简体   繁体   English

为什么Closure Compiler坚持添加更多字节?

[英]Why does Closure Compiler insist on adding more bytes?

If I give Closure Compiler something like this: 如果我给Closure Compiler这样的话:

window.array = '0123456789'.split('');

It "compiles" it to this: 它“编译”它:

window.array="0,1,2,3,4,5,6,7,8,9".split(",");

Now as you can tell, that's bigger. 现在你可以说,这更大。 Is there any reason why Closure Compiler is doing this?

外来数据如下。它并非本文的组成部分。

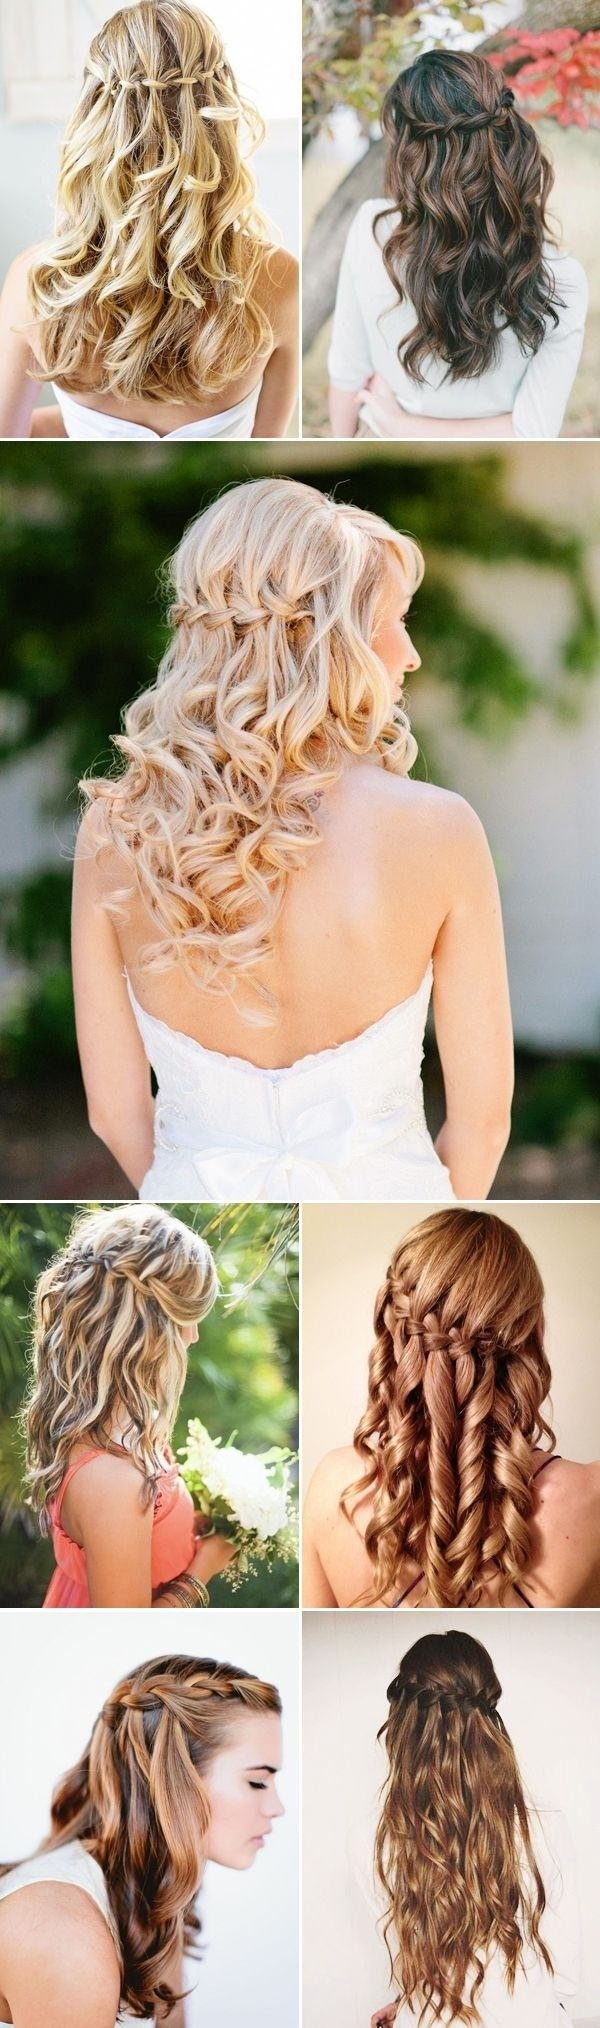 hottest bridesmaid hairstyles for long hair bridesmaid

Closure Compiler是否有任何理由这样做?

I think this is what's going on, but I am by no means certain... 认为这是正在发生的事情,但我不确定......

The code that causes the insertion of commas is tryMinimizeStringArrayLiteral in PeepholeSubstituteAlternateSyntax.java . 使逗号的插入的代码是tryMinimizeStringArrayLiteralPeepholeSubstituteAlternateSyntax.java

That method contains a list of characters that are likely to have a low Huffman encoding , and are therefore preferable to split on than other characters. 该方法包含可能具有低霍夫曼编码的字符列表,因此比其他字符更适合拆分。 You can see the result of this if you try something like this: 如果你尝试这样的话,你可以看到这个的结果:

"a b c d e f g".split(" "); //Uncompiled, split on spaces
"a,b,c,d,e,f,g".split(","); //Compiled, split on commas (same size)

The compiler will replace the character you try to split on with one it thinks is favourable. 编译器将用你认为有利的字符替换你试图拆分的字符。 It does so by iterating over the characters of the string and finding the most favourable splitting character that does not occur within the string: 它通过迭代字符串的字符并找到字符串中不存在的最有利的分裂字符来实现:

// These delimiters are chars that appears a lot in the program therefore
// probably have a small Huffman encoding.
NEXT_DELIMITER: for (char delimiter : new char[]{',', ' ', ';', '{', '}'}) {
  for (String cur : strings) {
    if (cur.indexOf(delimiter) != -1) {
      continue NEXT_DELIMITER;
    }
  }
  String template = Joiner.on(delimiter).join(strings);
  //...
}

In the above snippet you can see the array of characters the compiler claims to be optimal to split on. 在上面的代码片段中,您可以看到编译器声称最适合拆分的字符数组。 The comma is first (which is why in my space example above, the spaces have been replaced by commas). 逗号是第一个(这就是为什么在上面的空间示例中,空格已被逗号替换)。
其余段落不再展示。